> WHAT NEEDS TO BE DONE
In the entries below, find the line with "Amateur vhf antenna — pic 10" and the line with "special shrimps at", then retype both and everything between them exactly. Do not copy the pictures.

> SOURCE MATERIAL
============================================================
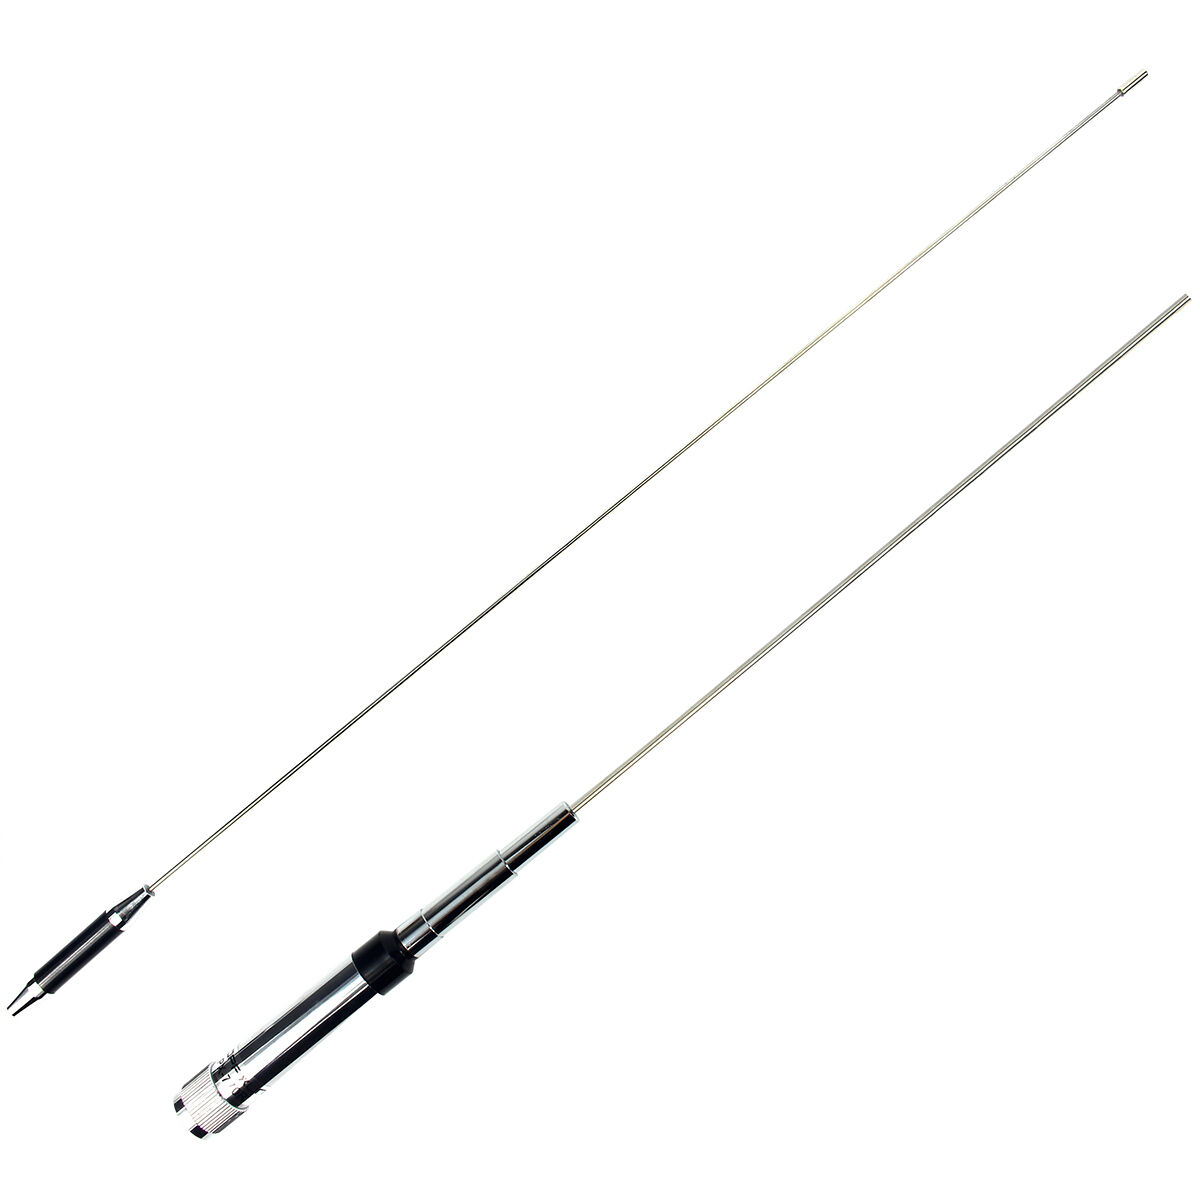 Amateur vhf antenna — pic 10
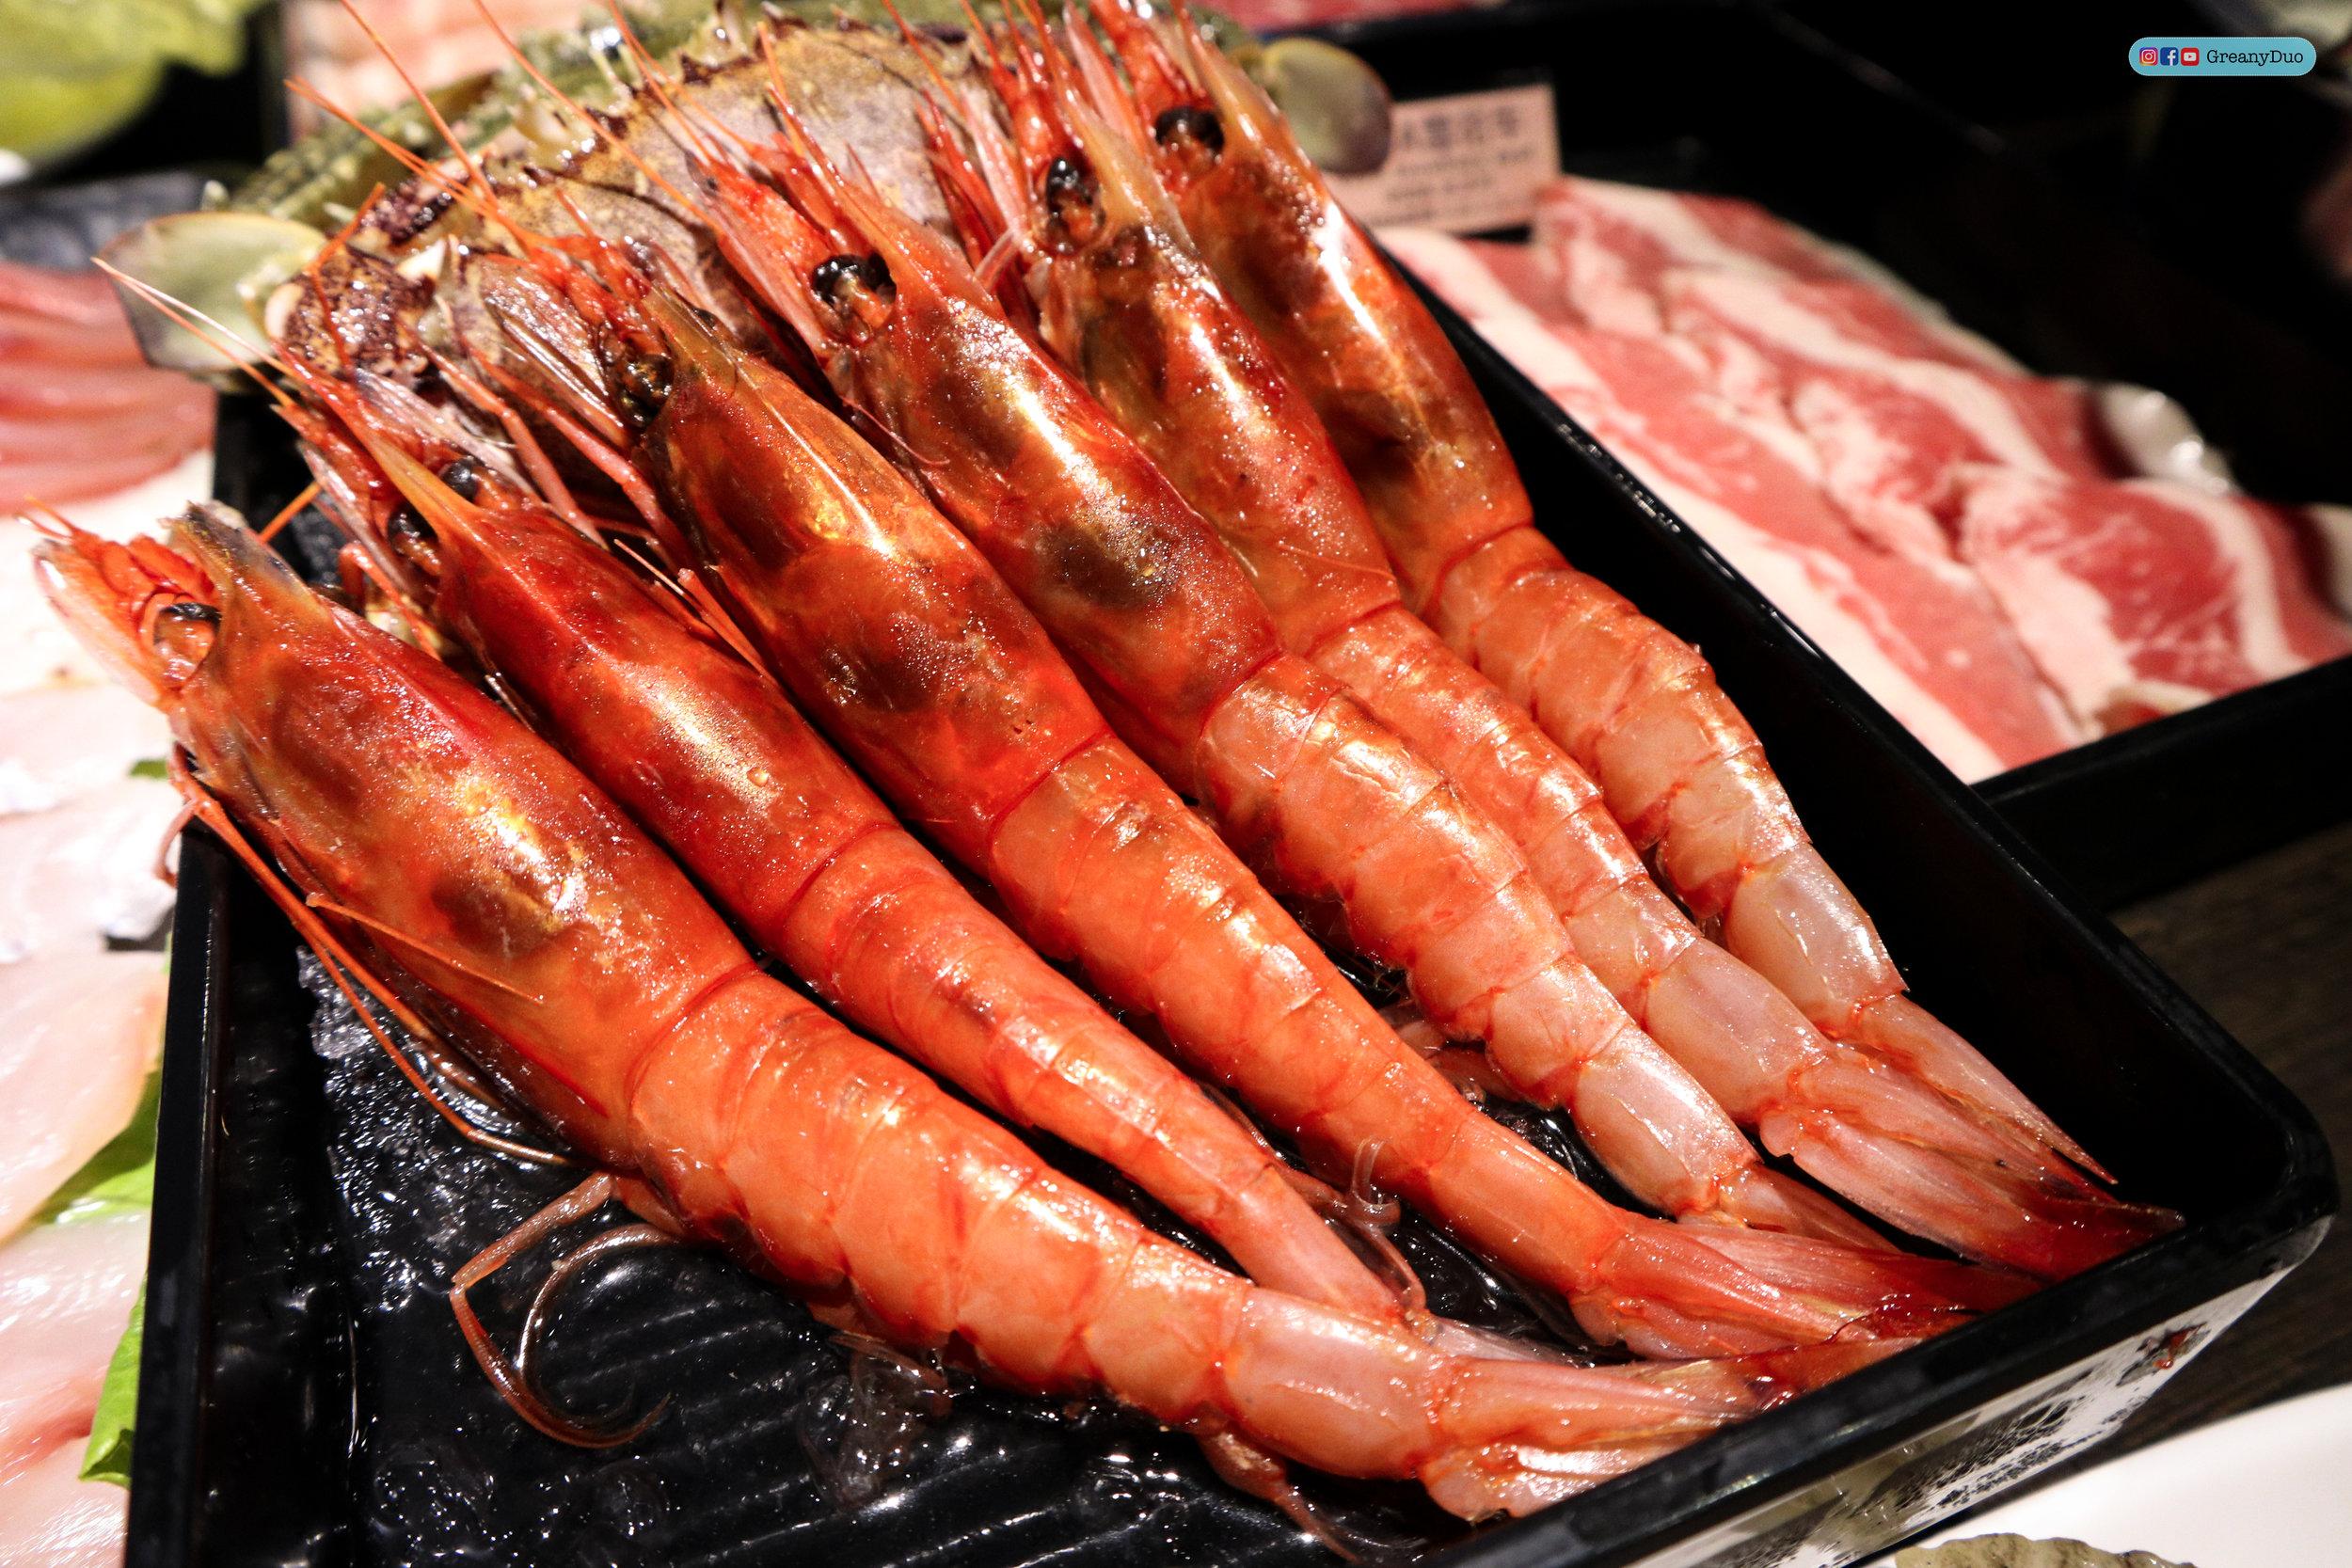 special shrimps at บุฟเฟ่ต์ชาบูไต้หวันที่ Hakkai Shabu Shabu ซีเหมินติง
============================================================
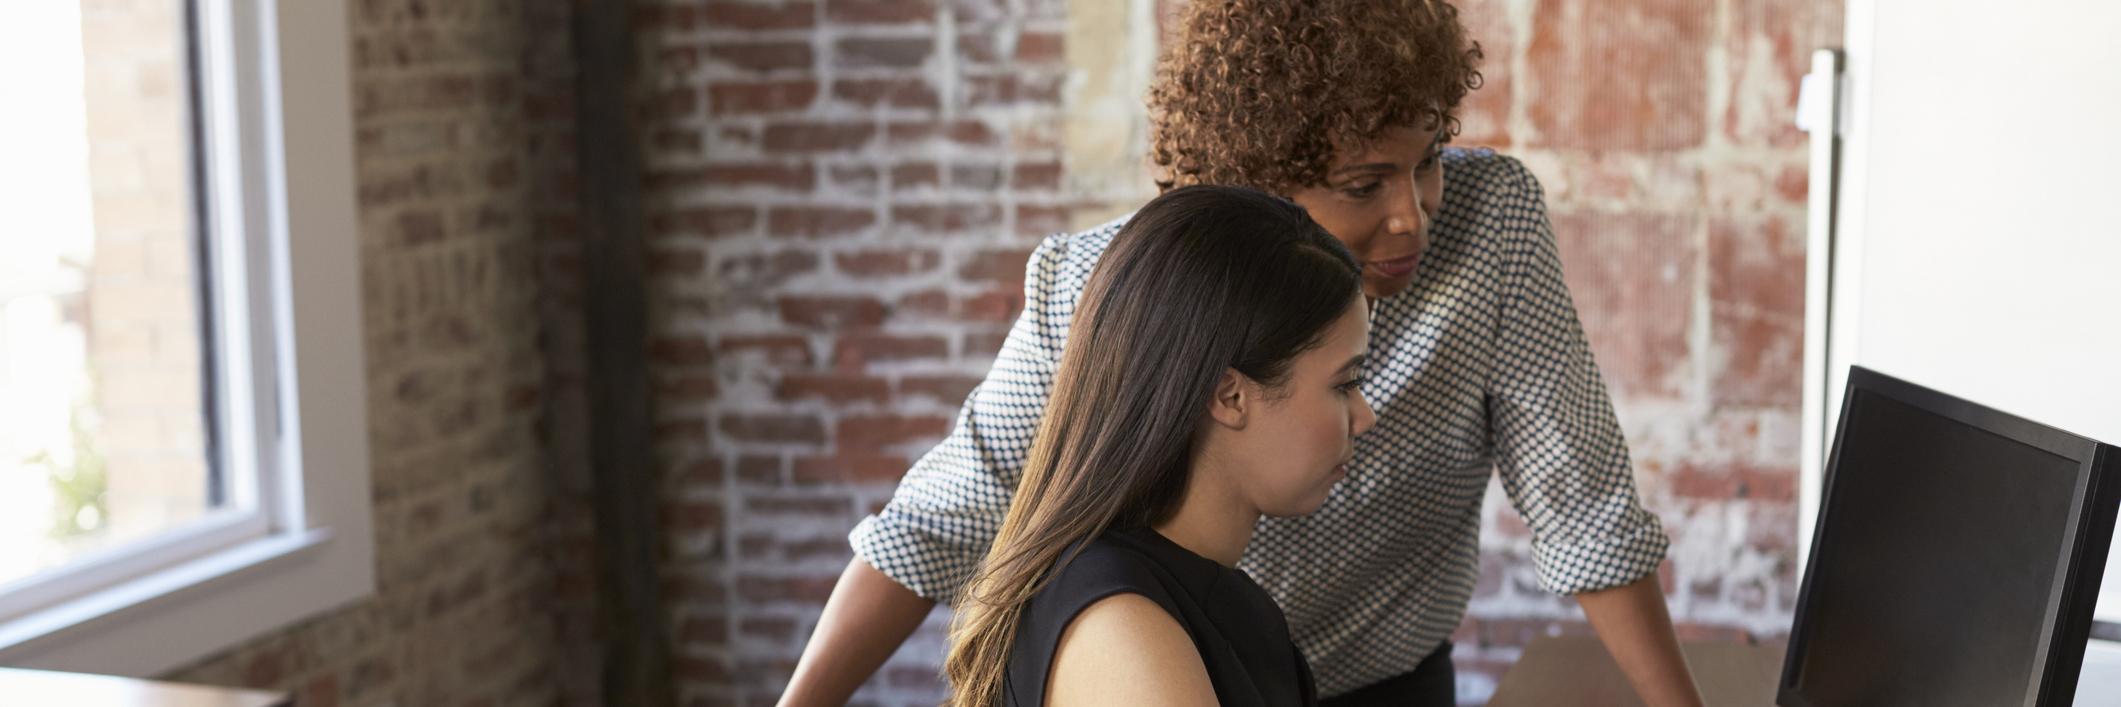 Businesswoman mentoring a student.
============================================================
> RESULT FOR THIS TASK
 Amateur vhf antenna — pic 10
 special shrimps at บุฟเฟ่ต์ชาบูไต้หวันที่ Hakkai Shabu Shabu ซีเหมินติง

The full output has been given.